Attention was directed to the first metatarsophalangeal joint where approximately a 6 cm dorsal linear incision was made medial and parallel to the extensor hallucis longus tendon.  Sharp and blunt dissection was carried down through the subcutaneous tissues, retracting all neurovascular structures and ligating all necessary bleeders.  Next, dissection was utilized medially to free up all subcutaneous tissue layers off of the medial capsule.  Next, dissection was carried down into the first intermetatarsal space were a lateral release was performed by transecting the deep transverse metatarsal ligament, conjoined tendon, fibular sesamoidal ligaments, followed by a lateral capsulotomy.  The hallux was put into a transverse plane range of motion, and it was noted that adequate release was accomplished.

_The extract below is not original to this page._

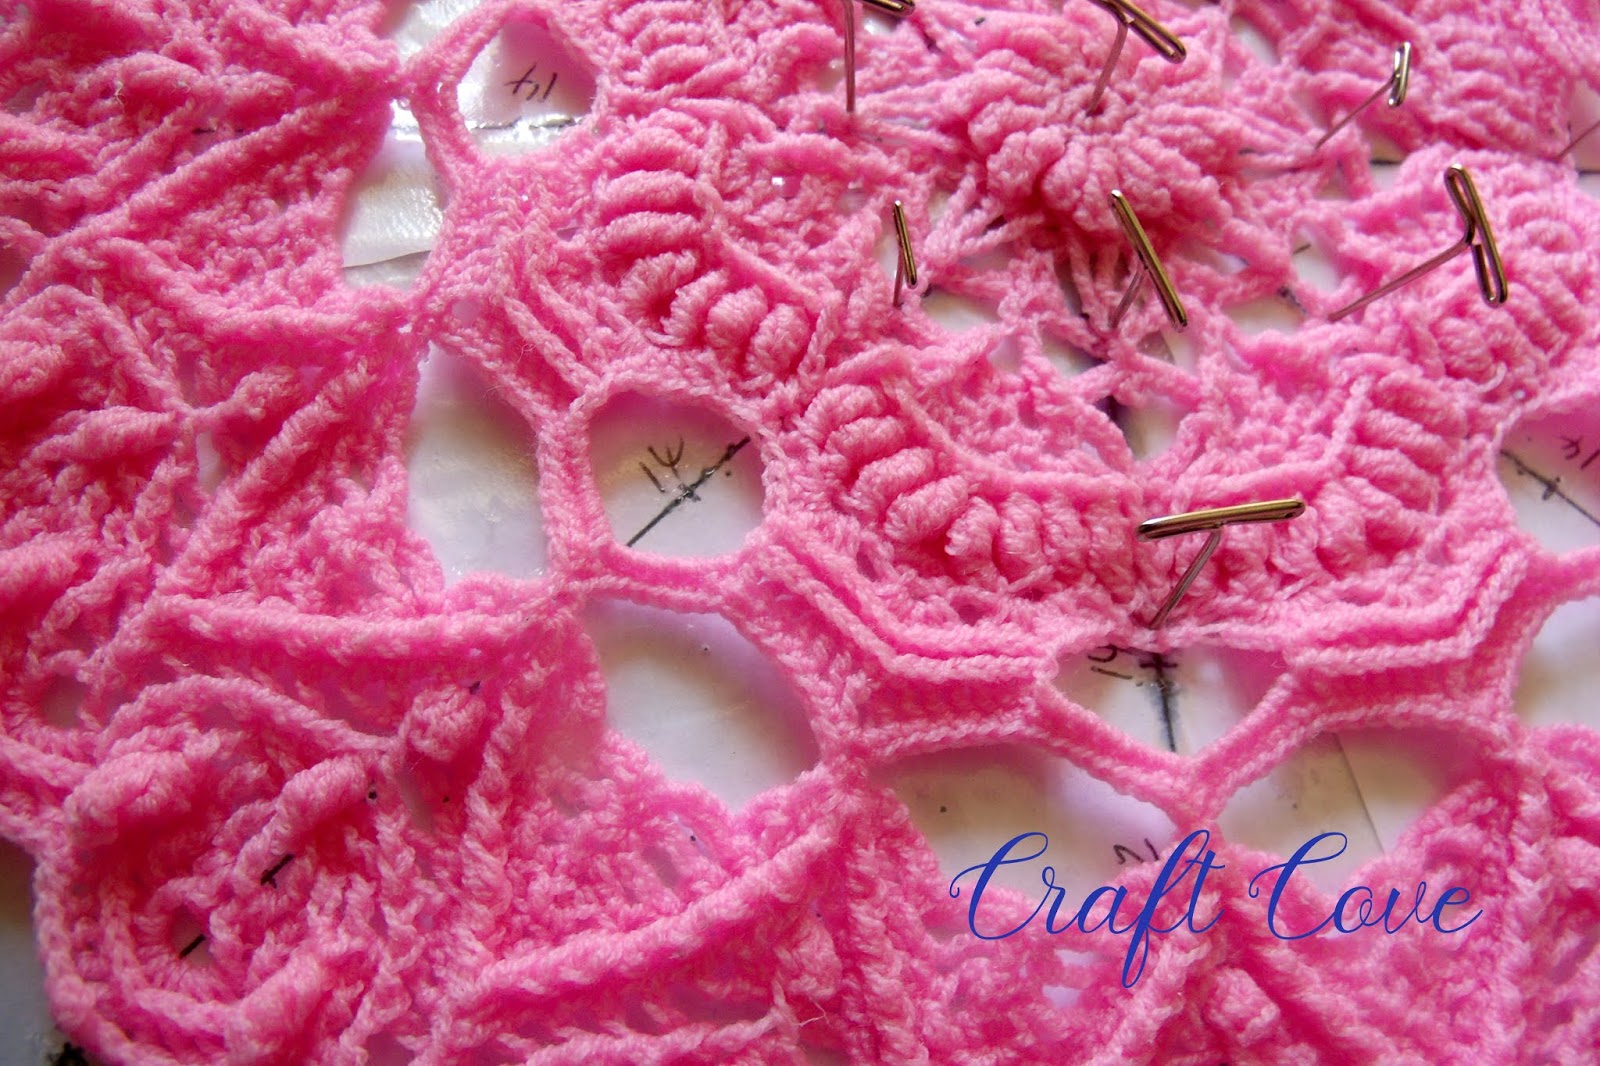 Craft Cove Blog: Crochet Blocking 101

Next, an inverted type capsulotomy was performed.  All periosteal tissue layers were freed up with a Freer elevator.  All soft tissue attachments were reflected off the medial eminence.  The medial eminence was then resected with an oscillating saw.  Next, a 0.045 K wire was inserted directly medially into first metatarsal head for slight elongation and mild plantar flexion.  A twice as long dorsal chevron osteotomy was then performed with the oscillating saw.  The K-wire was removed and the capital fragment was translocated laterally into a corrected anatomical position.

Next, two 2.0 AO cortical screws were inserted across the osteotomy site using strict lag screw technique.  Fluoroscopy was utilized to confirm proper screw fixation, and it was noted to be in excellent position.  Next, all redundant medial capsular tissue was removed.  The wound was flushed and irrigated using copious amounts of normal sterile saline.  Deep closure of the capsule was done and reapproximated using 4-0 Vicryl suture.  The skin was closed and reapproximated using 5-0 Prolene suture in a horizontal mattress interrupted suture technique.

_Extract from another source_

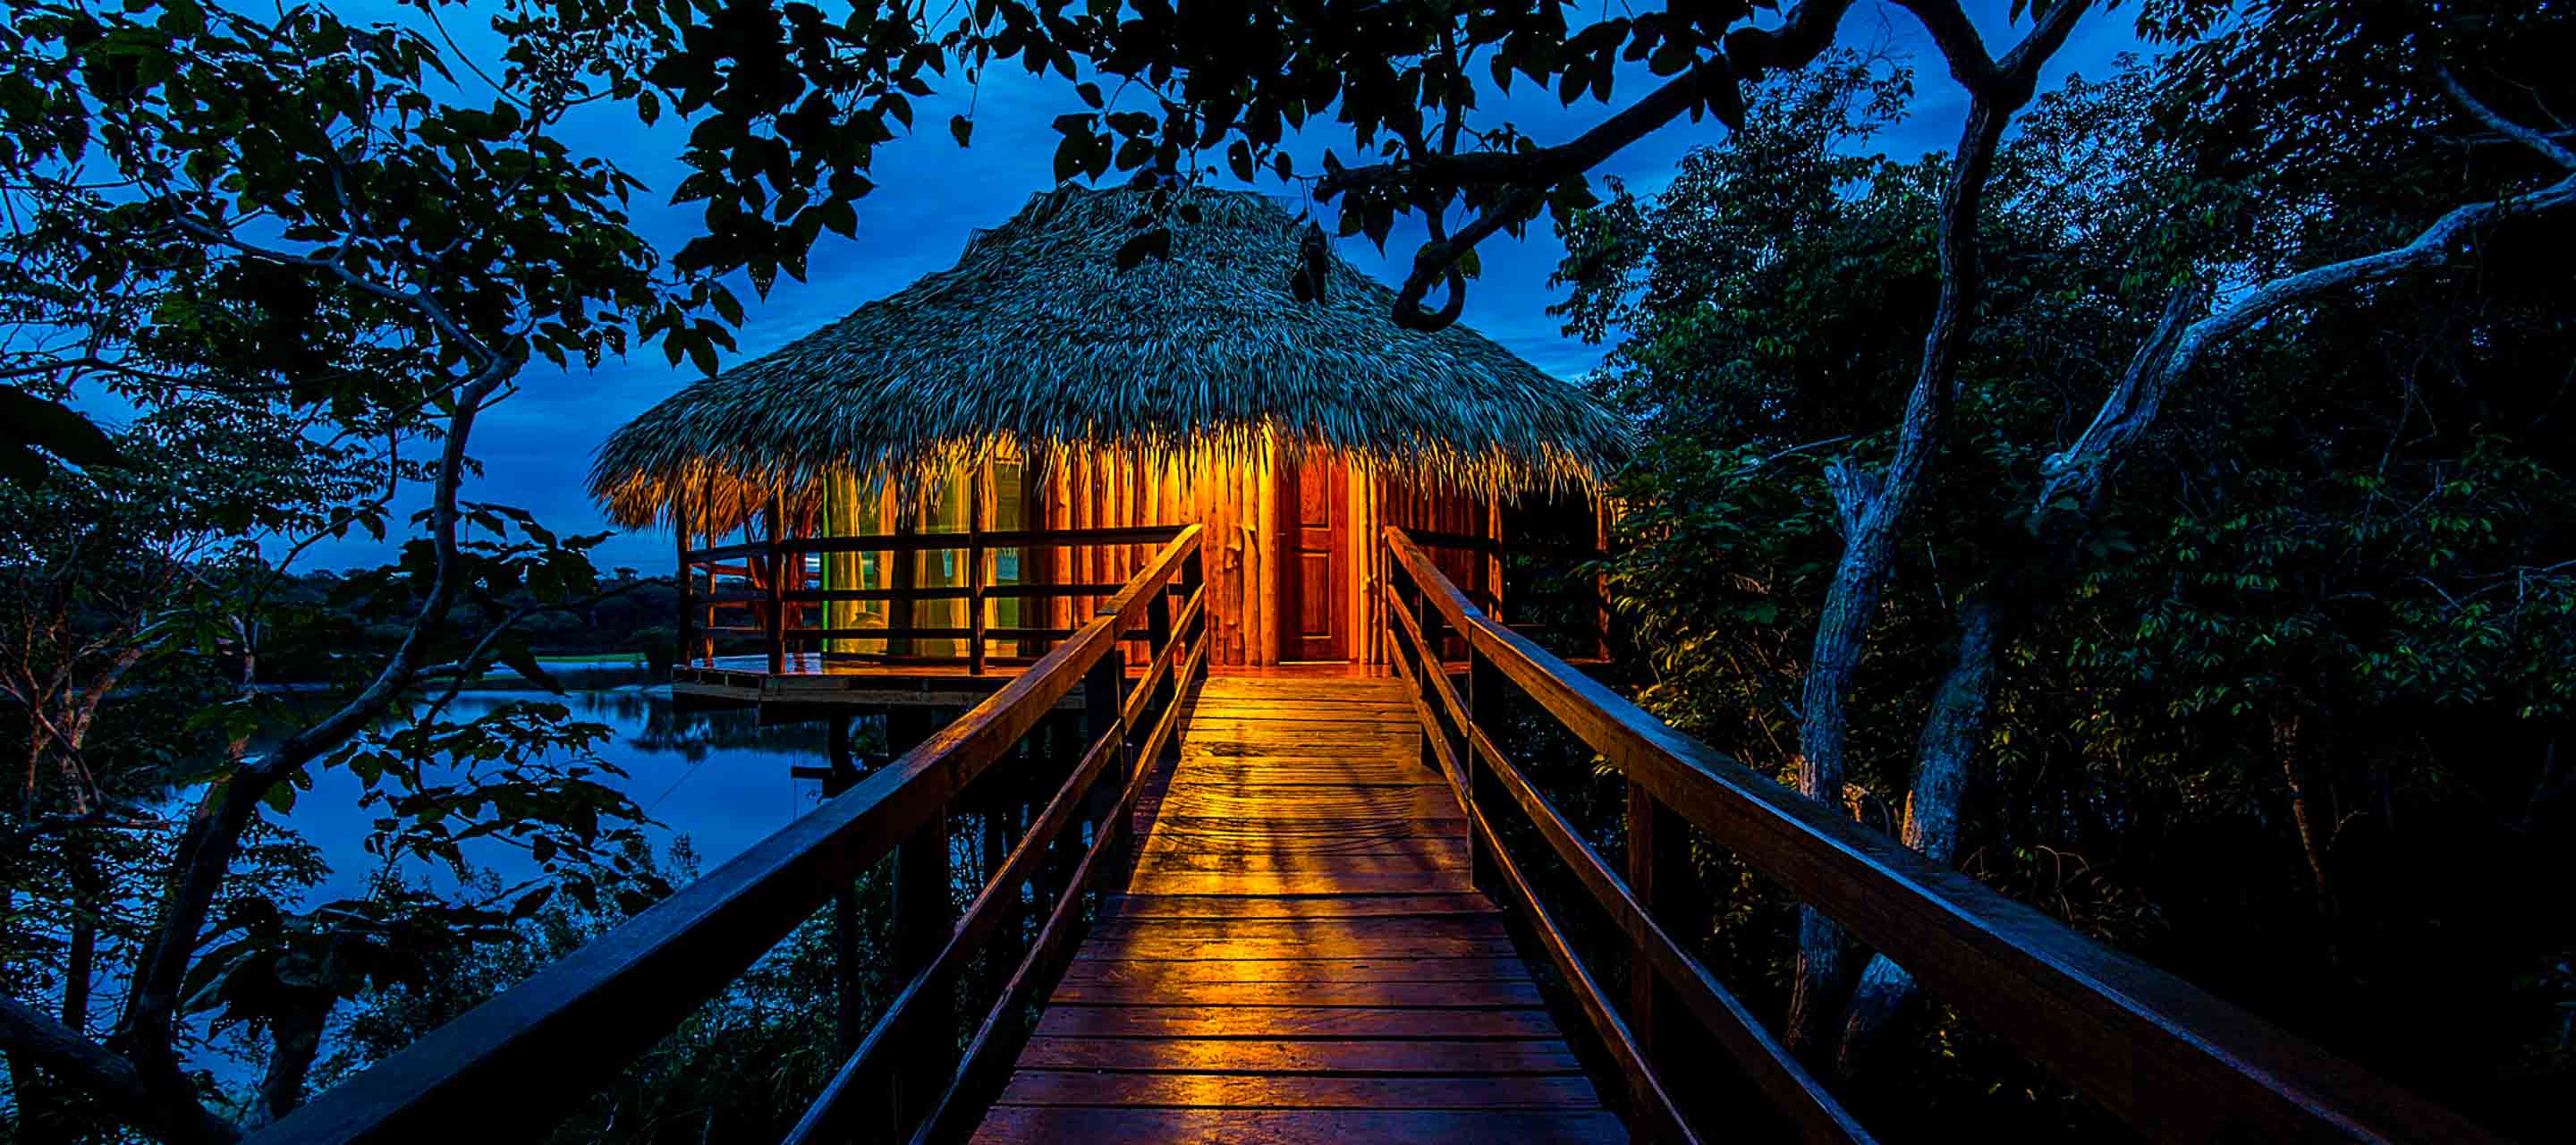 Amazon Rainforest Lodges 🦋 Peru, Ecuador and Brazil Amazon Lodges

Attention was then directed to the medical aspect of the midfoot where approximately a 5 cm slight S-type incision was made about the navicular tuberosity.  Sharp and blunt dissection was carried down through the subcutaneous tissues, retracting all neurovascular structures and ligating all necessary bleeders.  Dissection was carried down to the posterior tibial tendon sheath where it was carefully incised and was tagged for later closure.

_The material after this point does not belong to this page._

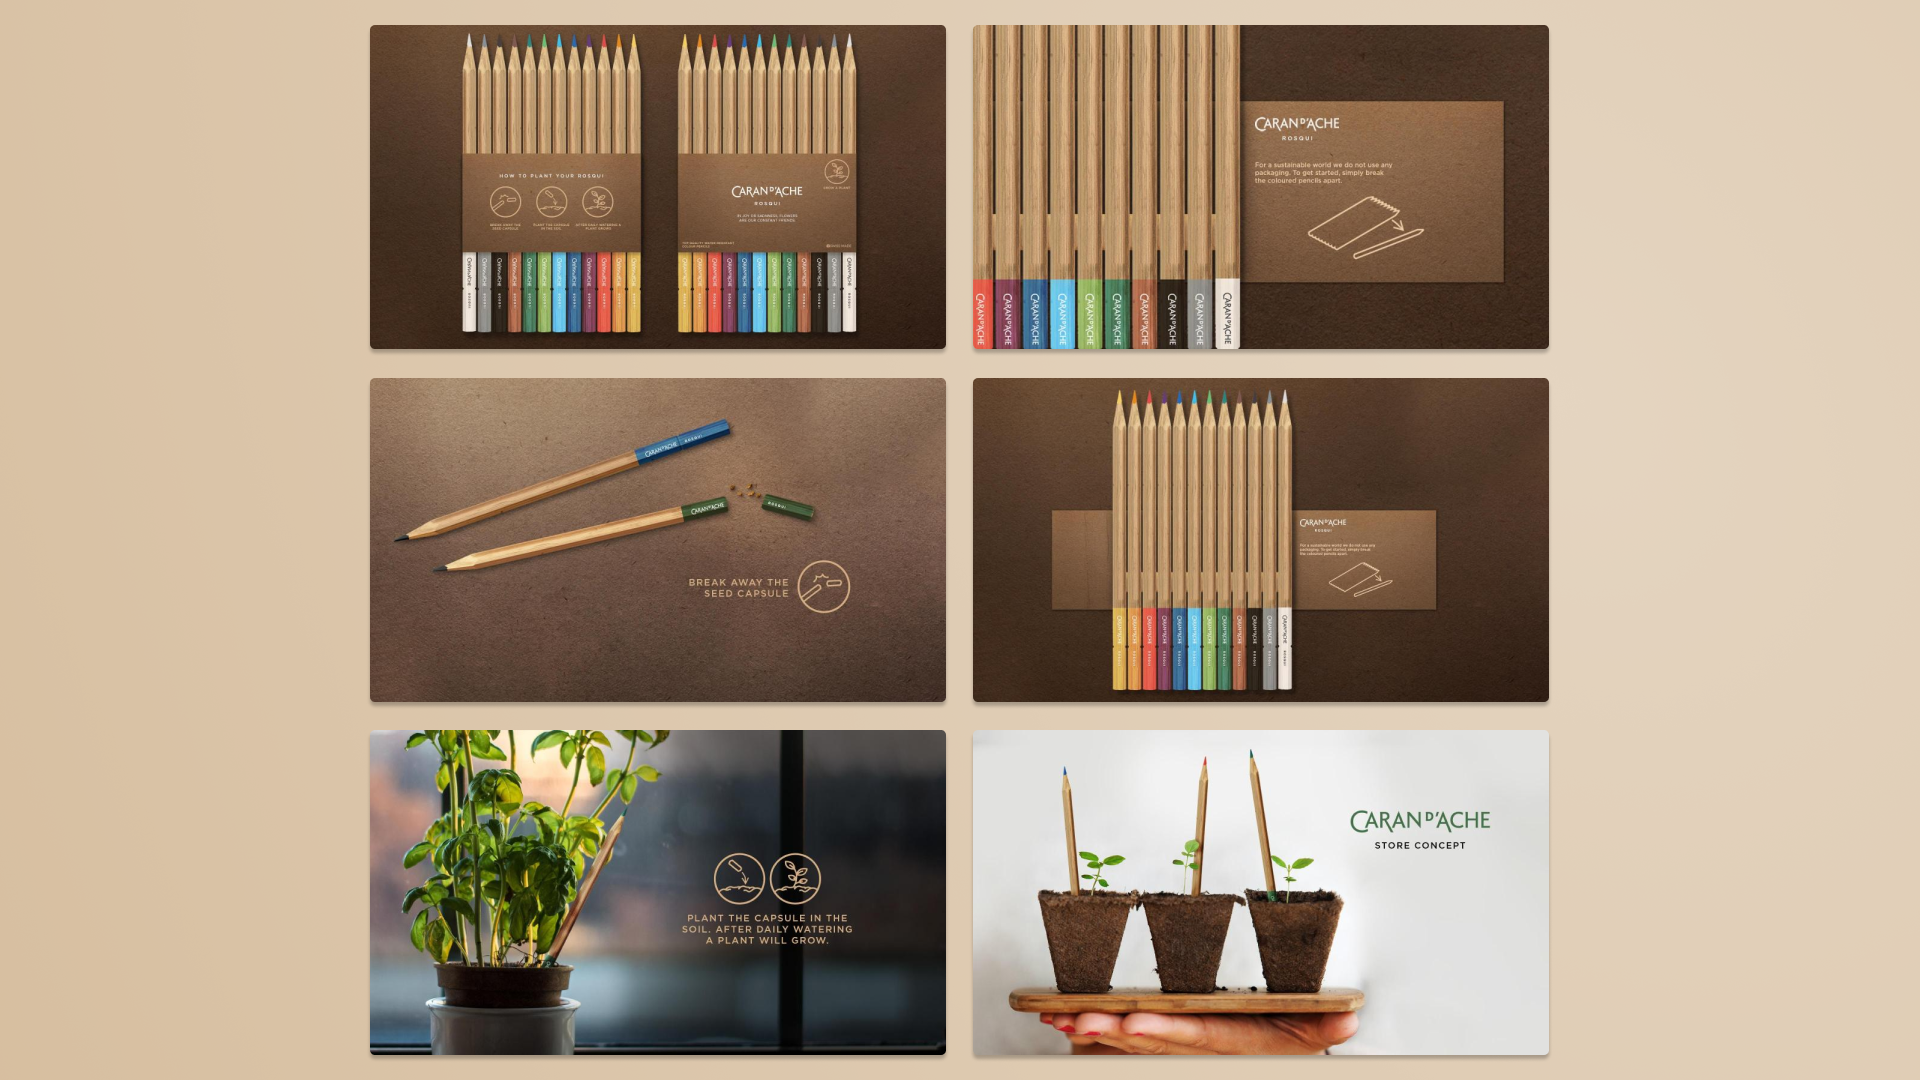 Circular redesign of Caran D'ache pencils Project

Next, the posterior tibial tendon was identified as attachment at the navicular tuberosity.  An incision was made through the superior aspect of the tendon and freed off of the navicular.  Fluoroscopy was utilized to visualize the os navicularis.  The accessory bone was then removed with an oscillating saw and osteotome.  It was noted that the bone had a blackish discoloration appearance and a segment of bone was sent for pathology.

Following removal of the accessory bone, the wound was flushed and irrigated using copious amounts of normal sterile saline.  The tendon was reapproximated using Vicryl suture and the remaining deep closure was reapproximated with 4-0 Vicryl suture.  Next, the skin was closed and approximated using 4-0 Prolene suture in a horizontal mattress interrupted suture technique.  All wounds were dressed with Steri-Strips, Betadine-soaked Adaptic, 4 x 4, Kling, and an Ace bandage.  The tourniquet was deflated.

The patient tolerated the anesthesia and procedure well and returned to the PACU with vital signs stable and hyperemia noted to all left foot digits.